Nothing but the lines below from the one holding "Intuit QuickBooks Pro" up to and including the one holding "Side view of" should be copied, exactly and without pictures.
[Opening Materials provided section]
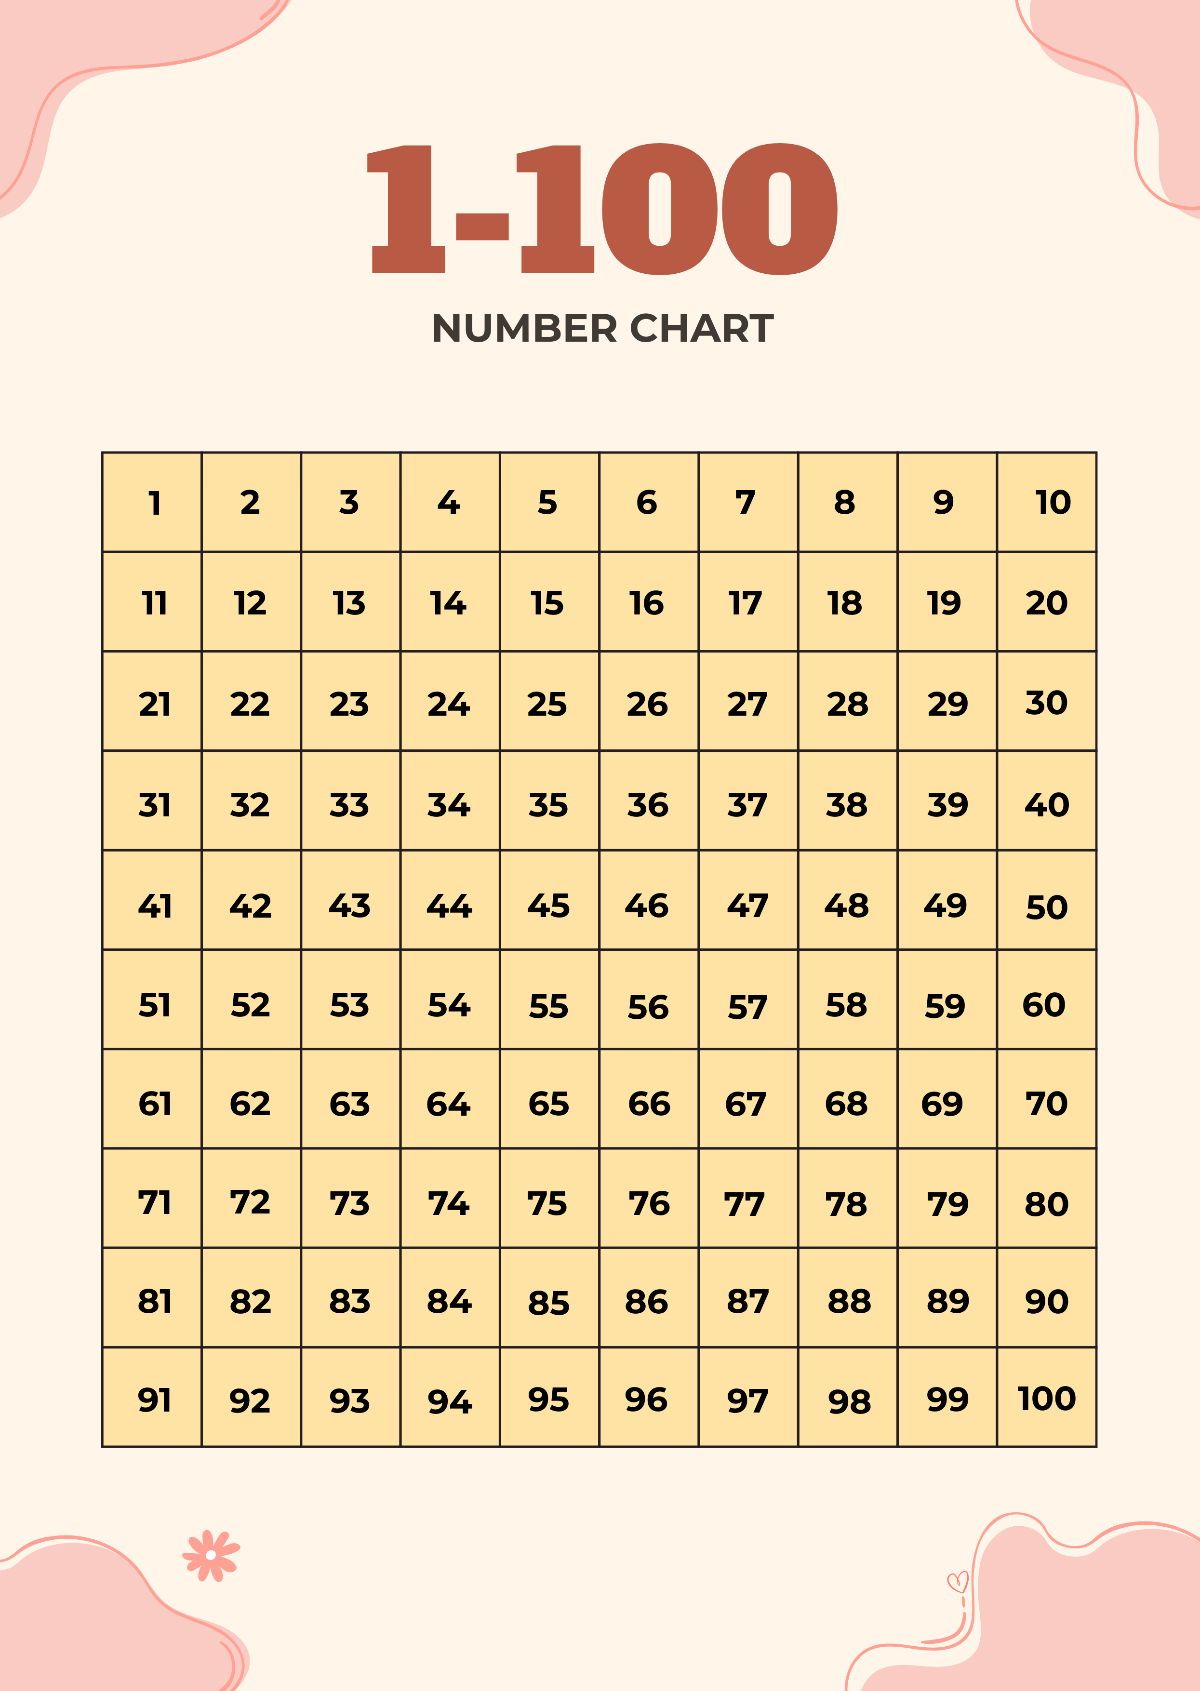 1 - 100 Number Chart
[Closing Materials provided section]
[Opening Materials provided section]
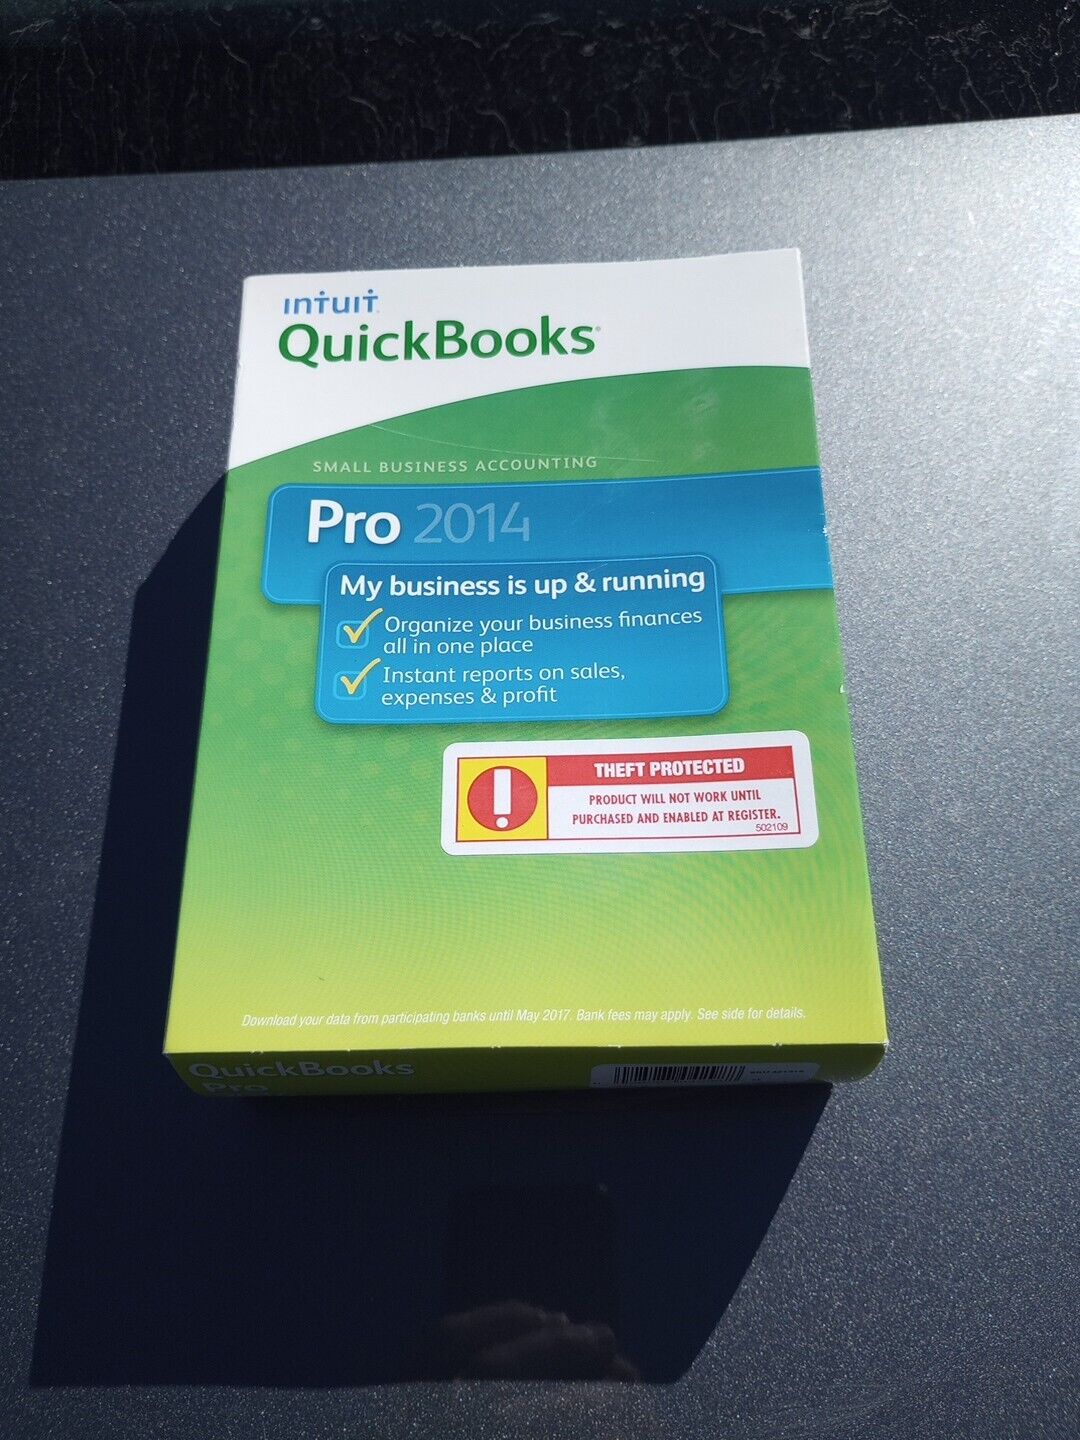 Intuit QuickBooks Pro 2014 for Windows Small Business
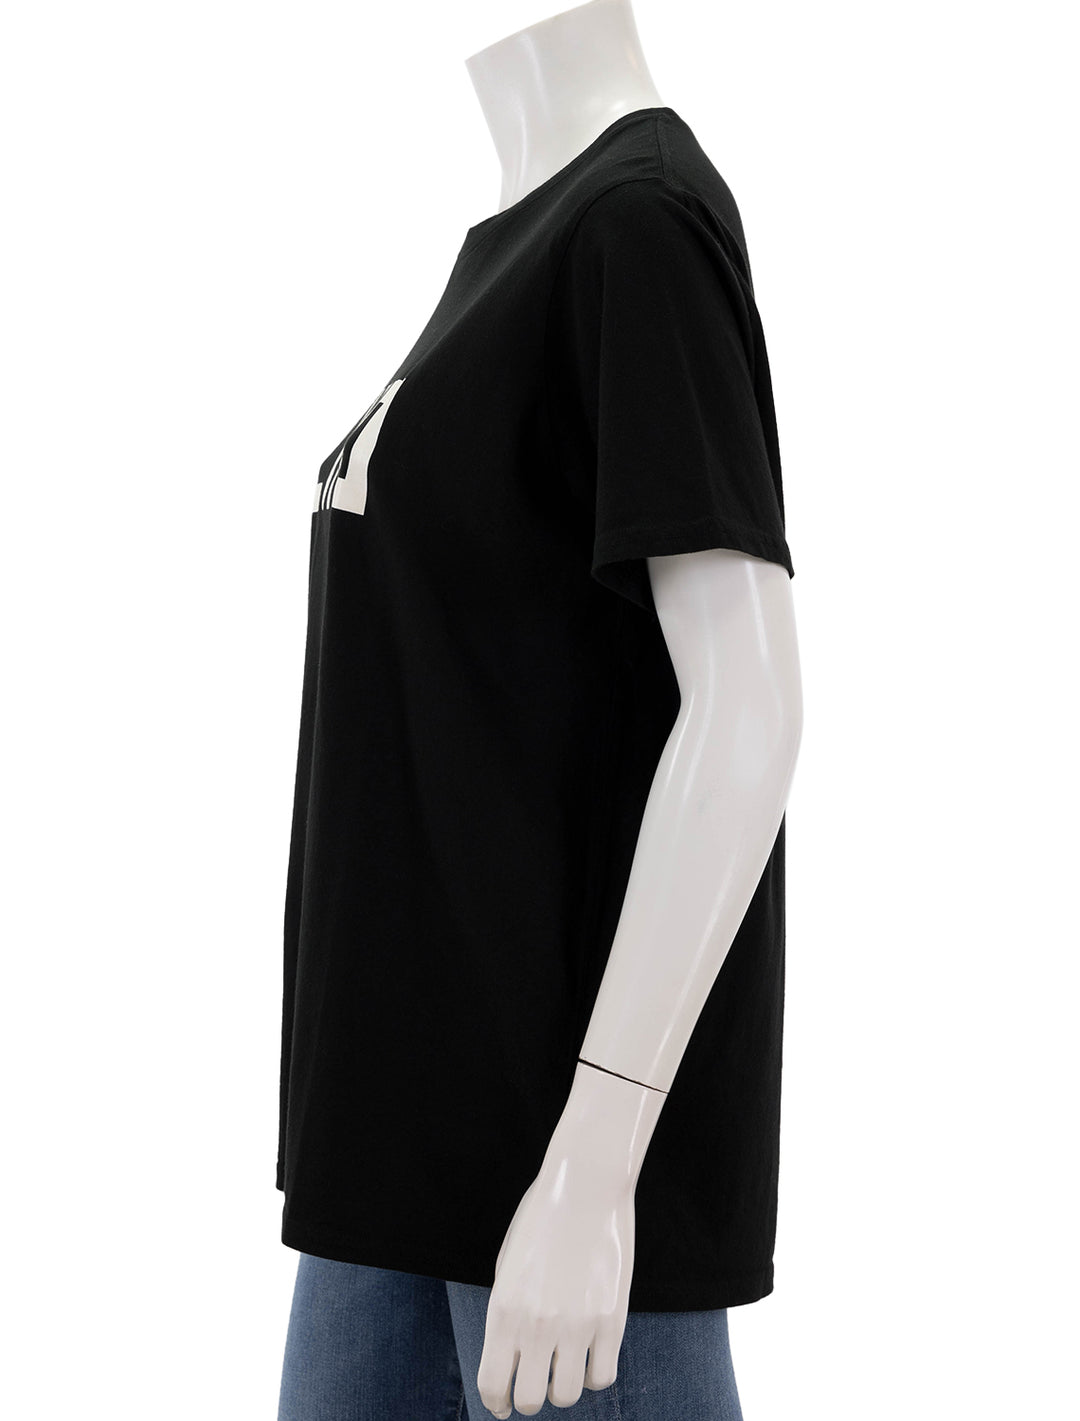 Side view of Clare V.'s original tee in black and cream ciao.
[Closing Materials provided section]
[Answer for the task]
 Intuit QuickBooks Pro 2014 for Windows Small Business
 Side view of Clare V.'s original tee in black and cream ciao.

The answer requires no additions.